Strengthen Evaluation Pipelines:
Implement robust validation mechanisms, including collaboration with experimental labs for real-world testing.
Develop metrics to assess the stability and feasibility of generated materials comprehensively.
Expand Chemical Space Exploration:
Overcome the 5-element limitation by exploring or developing models capable of handling more complex compositions.
Focus on newly discovered superconducting families for targeted exploration and validation.
Strategic Collaboration:
Engage with materials science experts to interpret findings and prioritize promising candidates for experimental validation.
Foster interdisciplinary collaboration to bridge the gap between ML models and practical superconducting material discovery.
Leverage GHOST Initiative:
Utilize the strategic framework provided by the GHOST one-pager to streamline discovery processes and maximize impact.

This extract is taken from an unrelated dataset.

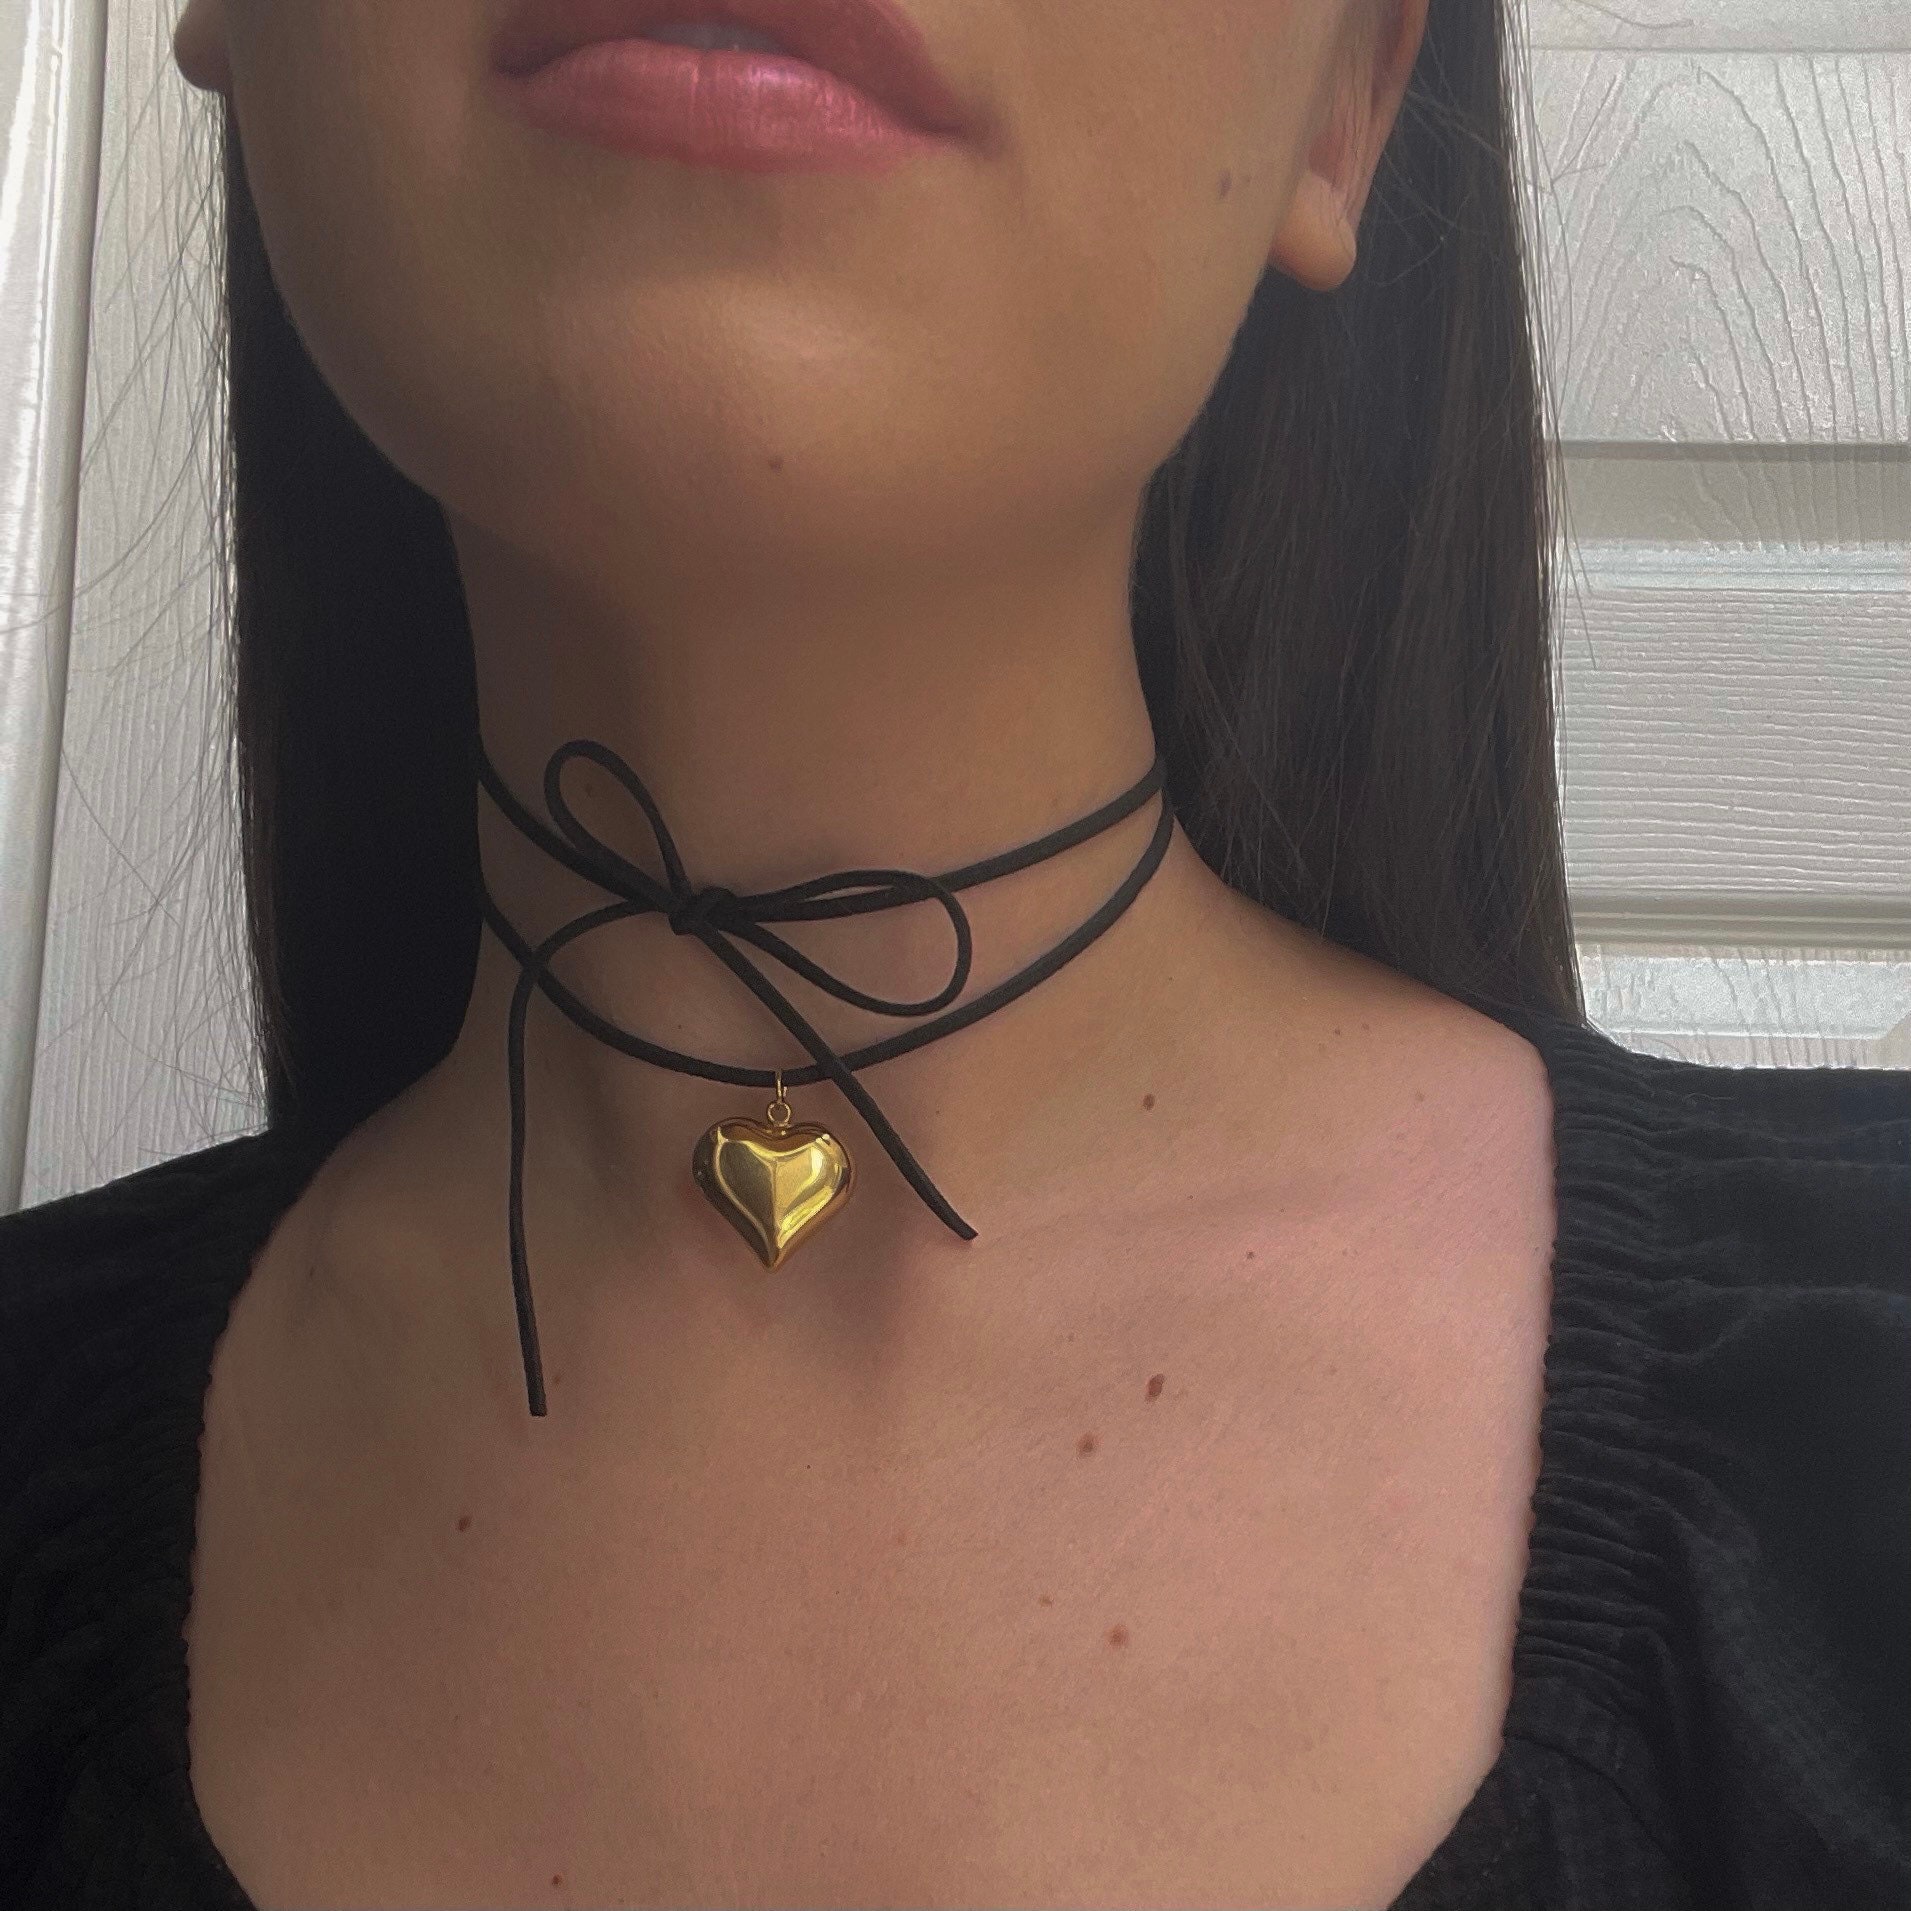 Gold Silver Puffy Heart Leather Black Suede Cord Necklace String Puffy Heart  Stainless Steel Chunky Y2K Unisex Jewelry Wrap Choker Keachains - Etsy

Focus on democratizing access to ML-driven materials discovery tools, enabling broader participation from academia and industry.
The Superconductors team has made commendable progress in integrating machine learning models for the discovery and classification of superconducting materials. By fine-tuning MatterGen and developing a Tc classifier, the team has demonstrated the potential to uncover novel superconducting families. Addressing current challenges through enhanced model training, robust evaluation pipelines, and strategic collaborations will be pivotal in advancing towards the discovery of room-temperature superconductors.